I would like to save a class method and call it through an object.

Answer 1

Your first example (the one that does not work) can work only if you are referring to a static function because the static methods can be called without a calling object instance that corresponds in your case to (b.*(b._func))();

So, you can write :

class B {

public:
    typedef void (*function_type)(void);
    function_type _func;

    B() { cout << "B" << endl;}
    static void foo(){ cout << "B foo" << endl; }
};

int main()
{
    B b;
    b._func = &B::foo;
    (b._func) ();
}

Answer 2

There are two objects involved in calling your _func pointer. One is the object that the function should be applied to, and one is the object that holds the pointer. When you're inside a member function, the first one is implied; it's the internal this pointer. So (this->*_func)() calls the data member _func on the current object. When you're outside a member function you have to supply both objects:

(b.*b._func)();

The b on the left is like the this-> in the first version: it tells the compiler what object to apply the function too. The second b is the object that holds the pointer.

If that's thoroughly confusing, change the situation a bit. Use two B objects and play with which one is which:

B b;
B b1;

(b.*b1.func)();
(b1.*b.func)();

Answer 3

It is possible. The syntax is a little bit scary though:

(b.*(b._func))();

Why is it like that? Well, first you need to refer to the data member _func of object b. That is b._func. Next you need to call that data member as a data function pointer which is the (b.*(..))() part.

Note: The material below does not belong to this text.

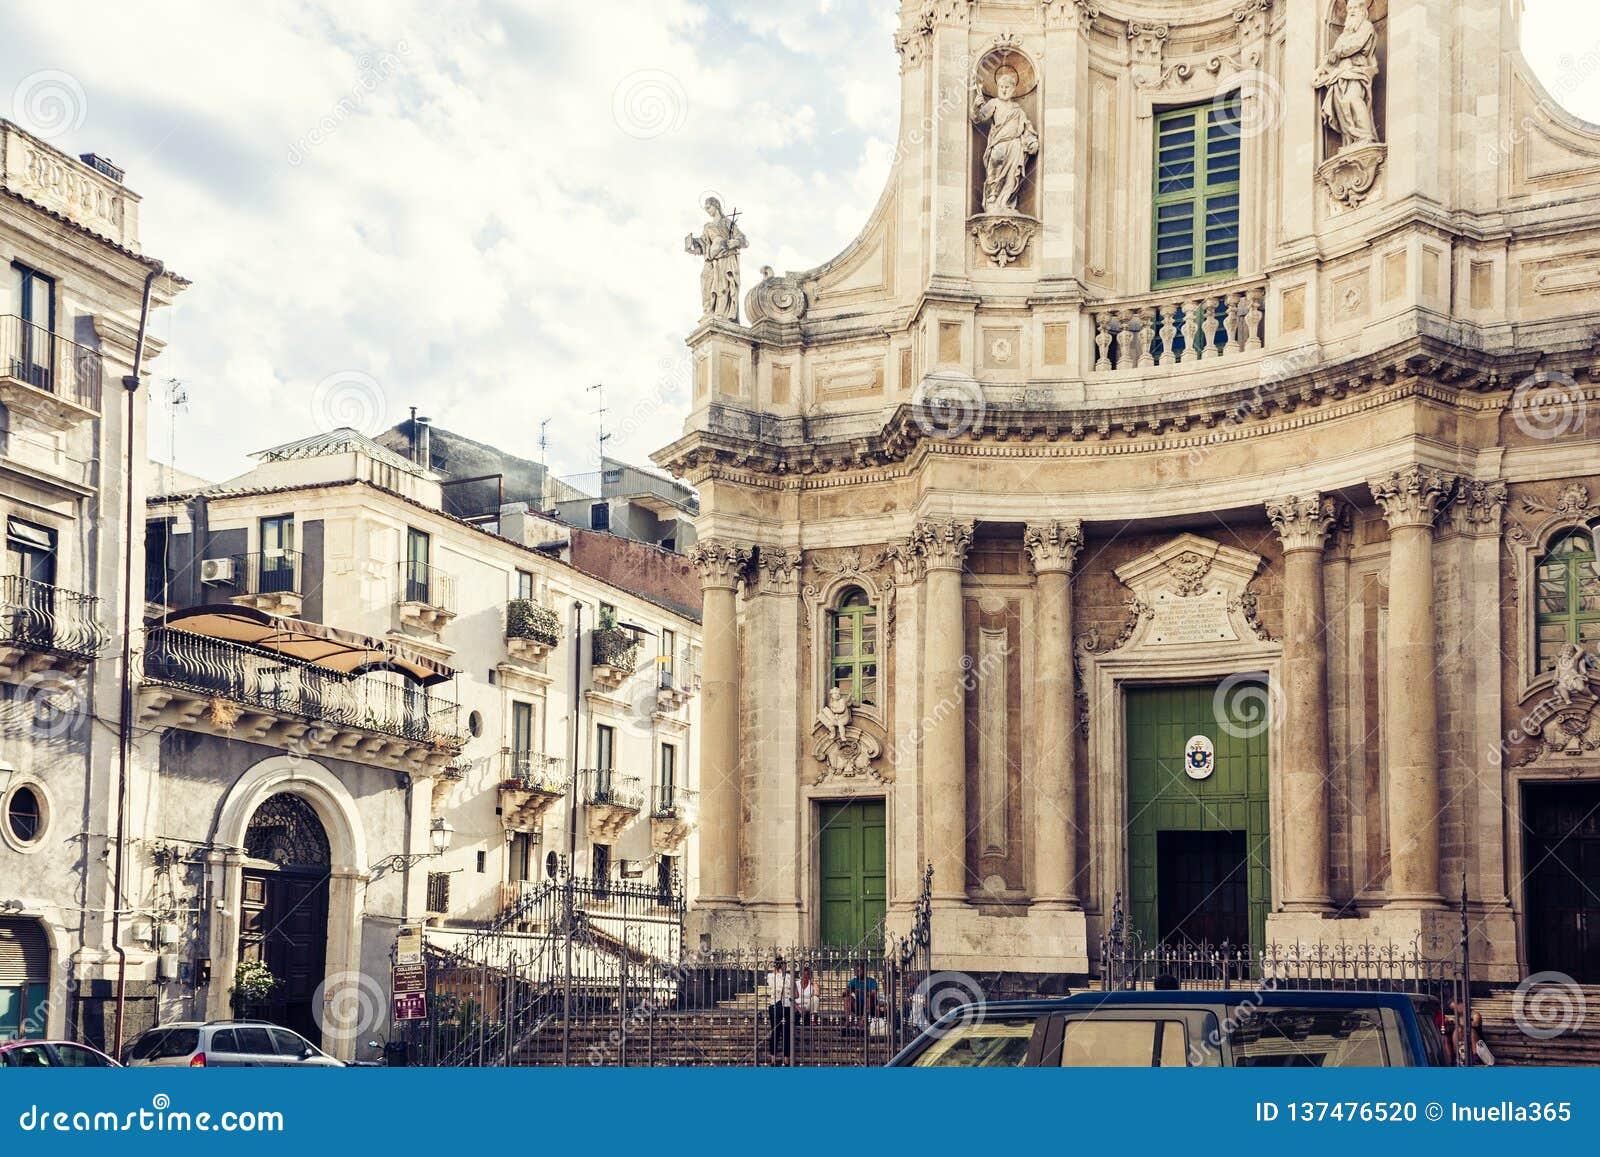 Όμορφη εικονική παράσταση πόλης της Ιταλίας, πρόσοψη του παλαιού καθεδρικού ναού Κατάνια, Σικελία, Ιταλία, della Collegiata βασιλ

I would suggest to simplify the calling side by creating a method that does the crazy call syntax stuff:

class B {
    // ...
    void call_me()
    {
        (this->*(_func))();
    }

};

b.call_me();

---

Some tips to improve:

Use using instead of typedef:

using function_type = void (B::*)(void);

And you don't need B::function_type. Just function_type is enough because you are inside the scope of the class.